* **RECORDED DATA**:

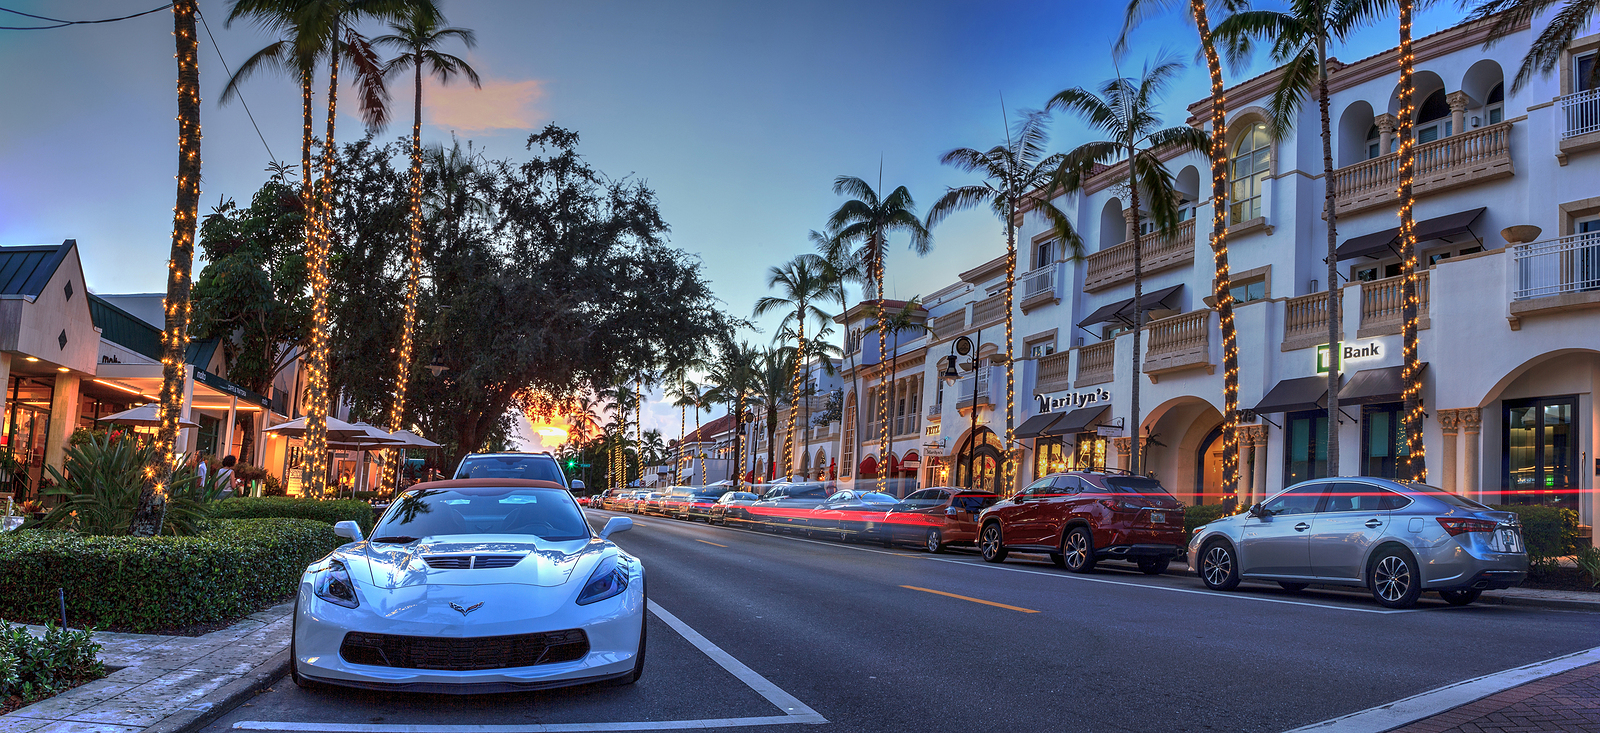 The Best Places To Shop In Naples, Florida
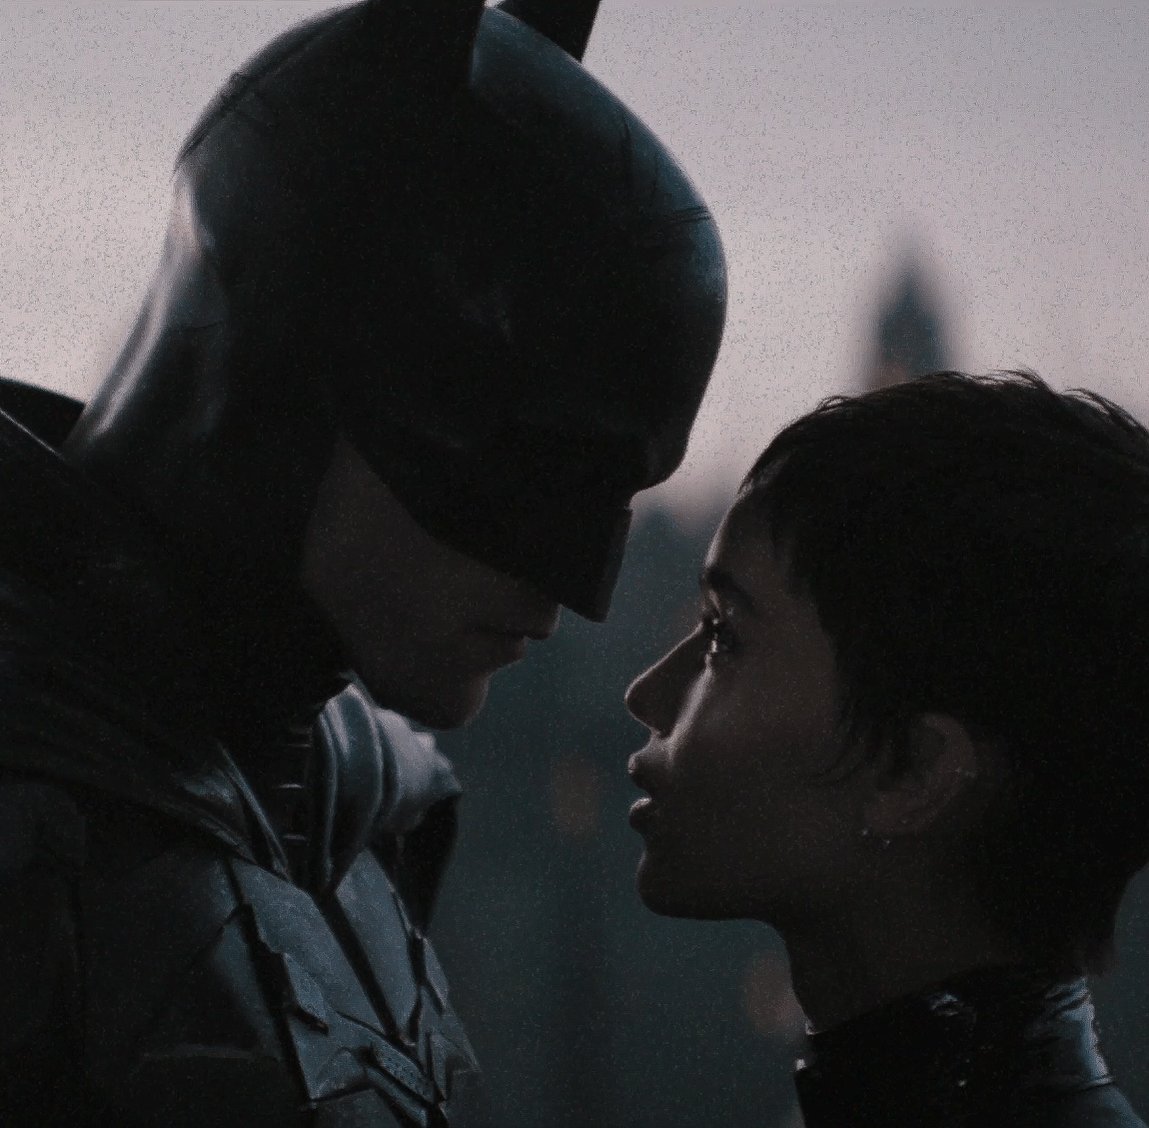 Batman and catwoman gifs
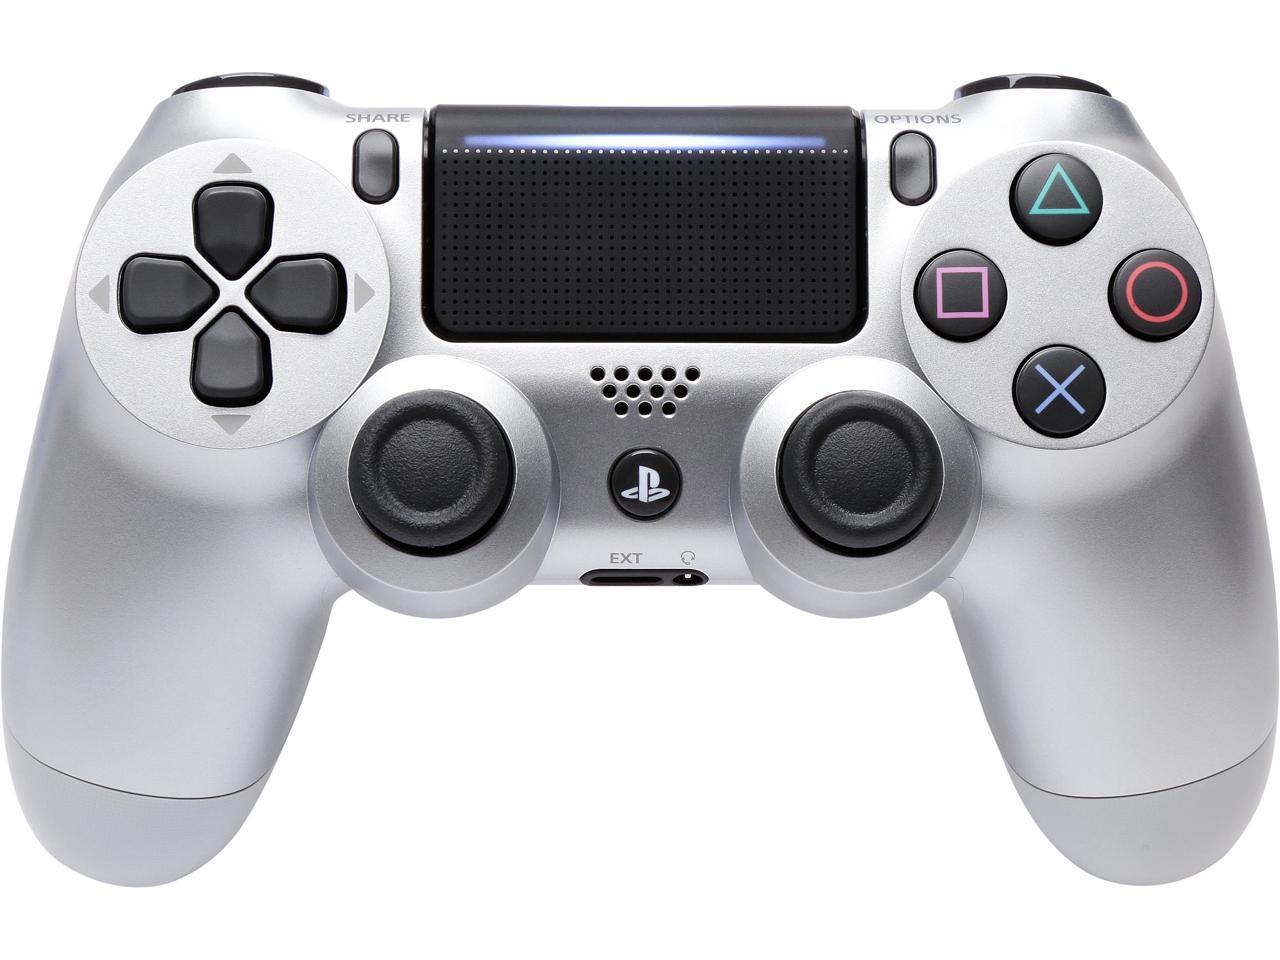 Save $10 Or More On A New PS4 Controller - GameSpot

* **TASK DETAILS**: Write the lines out word for word, starting at the one with "Batman and catwoman gifs" and stopping after the last line of the material above, with pictures excluded.

* **EXERCISE RESULT**:
 Batman and catwoman gifs
 Save $10 Or More On A New PS4 Controller - GameSpot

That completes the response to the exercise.